Pour les distributeurs, la dernière lecture de NielsenIQ suggère que le chiffre d’affaires baisse moins vite que la demande mesurée en unités, mais l’écart reste étroit. Une amélioration d’environ 1,5 % de la valeur par unité peut aider à limiter les dégâts causés par la baisse de fréquentation ou par des paniers plus faibles, mais cela n’a pas suffi à faire repasser la catégorie en croissance. C’est particulièrement important dans le vin, où de nombreux programmes de supermarchés et de grands formats reposent sur des volumes réguliers grâce aux promotions, à une large distribution et aux achats répétés.

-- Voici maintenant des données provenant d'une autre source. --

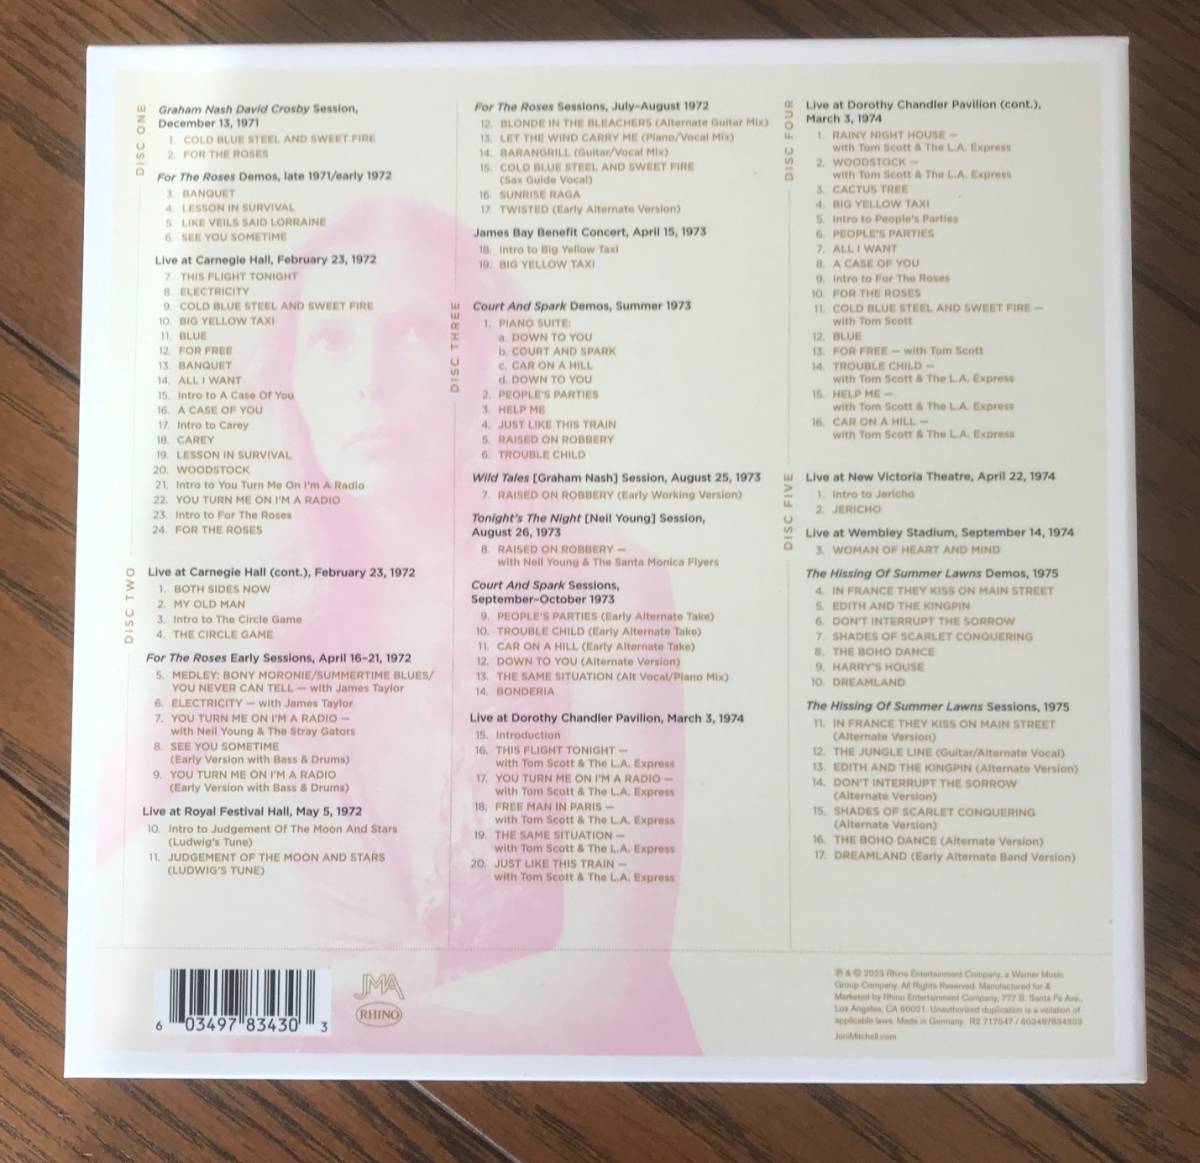 ほぼ新品 / 国内盤 / Joni Mitchell / ARCHIVES Vol.3 /THE ASYLUM YEARS 1972-1975 CD 5枚組み アーカイブス Vol.3 アサイラム・イヤーズ _画像7
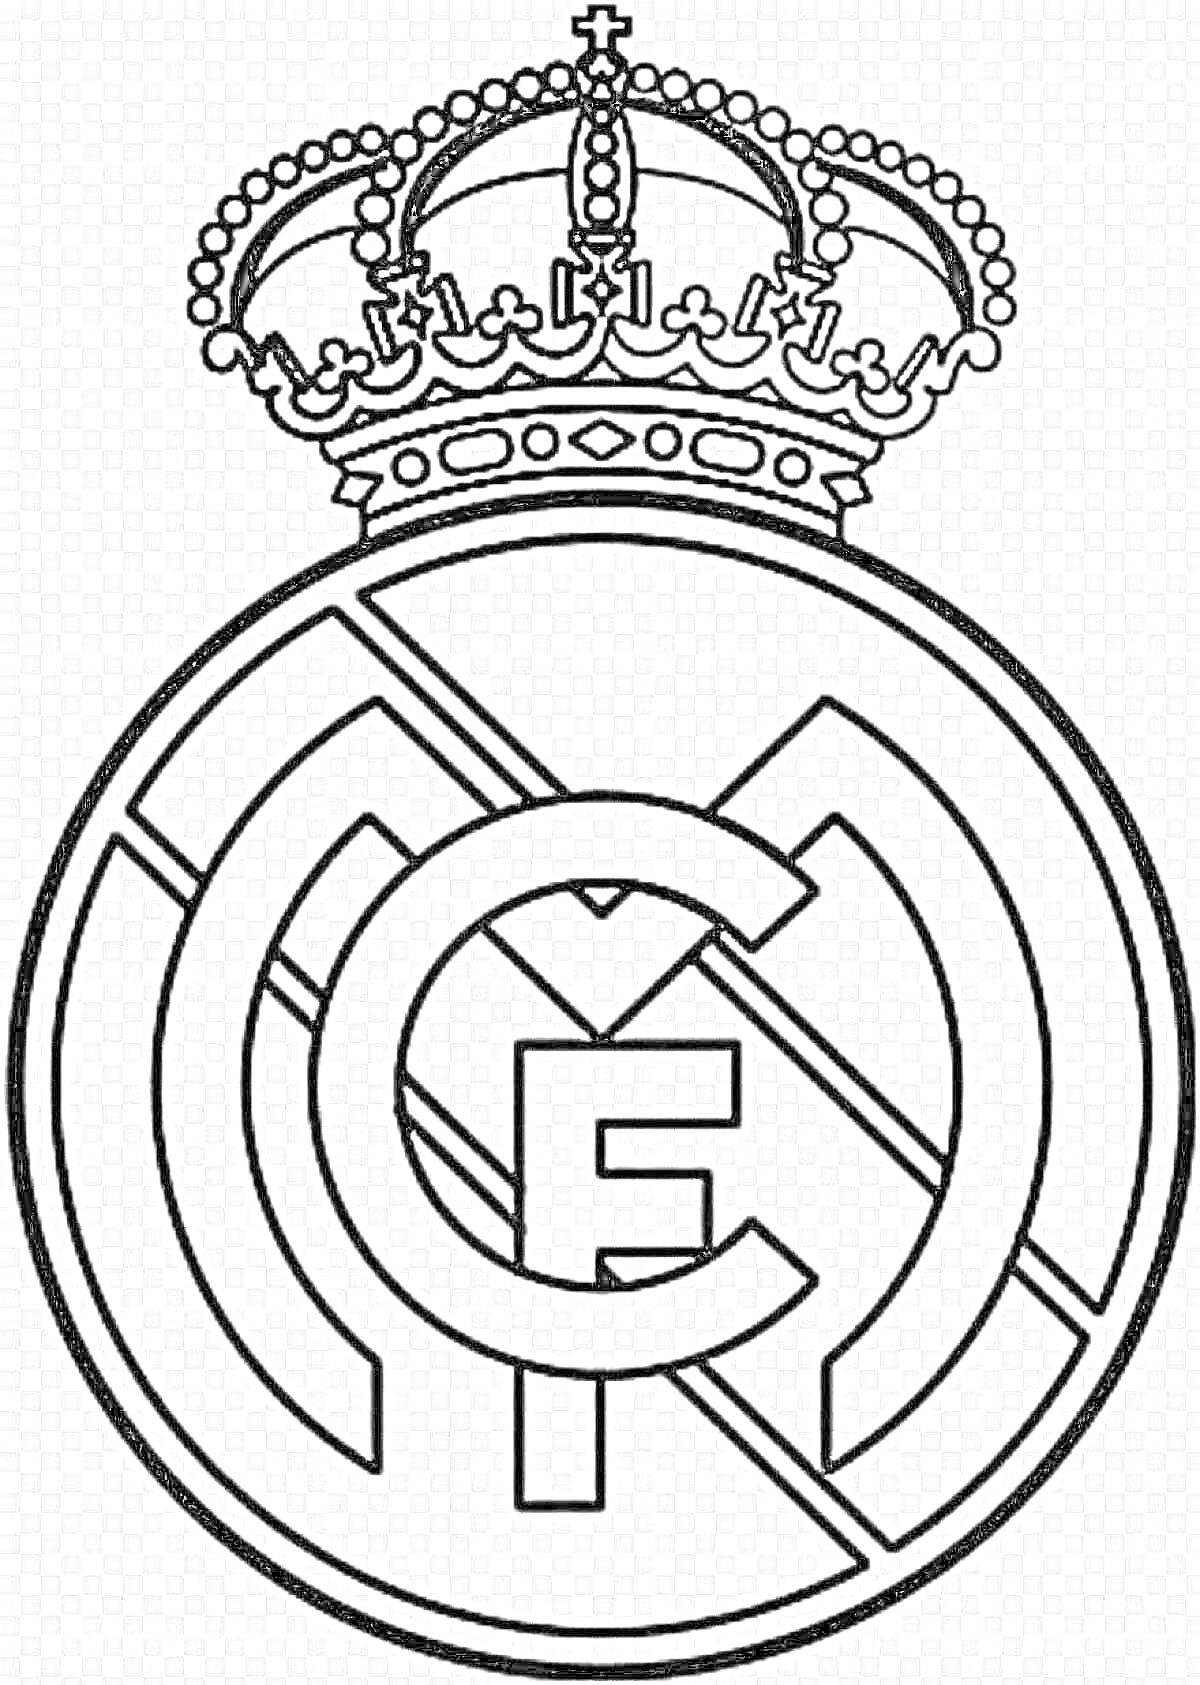 Раскраска Эмблема футбольного клуба Реал Мадрид с короной, монохромная

Le détail de la baisse donné par NielsenIQ pointe vers des problèmes qui vont au-delà du simple prix. Si 61 % de la faiblesse est liée à l’engagement des consommateurs, la question n’est pas seulement de savoir combien les acheteurs paient, mais s’ils choisissent encore le vin. L’impact supplémentaire d’une distribution réduite signifie aussi que moins de références ou une présence en rayon moindre jouent un rôle. Des promotions moins efficaces, bien qu’elles ne représentent qu’une part plus limitée du problème, suggèrent que les remises et les baisses de prix temporaires n’entraînent plus la même réaction qu’auparavant.

Le résultat est une catégorie qui génère toujours des ventes hebdomadaires importantes, mais sur une base d’unités plus réduite. Sur la dernière période de quatre semaines, le vin tranquille a donc concentré l’essentiel des pertes, le vin effervescent a montré une résistance relative, et le vin sans alcool a prolongé sa série de croissance. Au niveau des marques, Josh, La Marca, Whitehaven et Kim Crawford figuraient parmi les noms en progression, tandis qu’au niveau des fournisseurs, Deutsch Family, Wagner Family Wines, Constellation et Vineyard Brands comptaient parmi les entreprises qui évoluaient à contre-courant du repli général.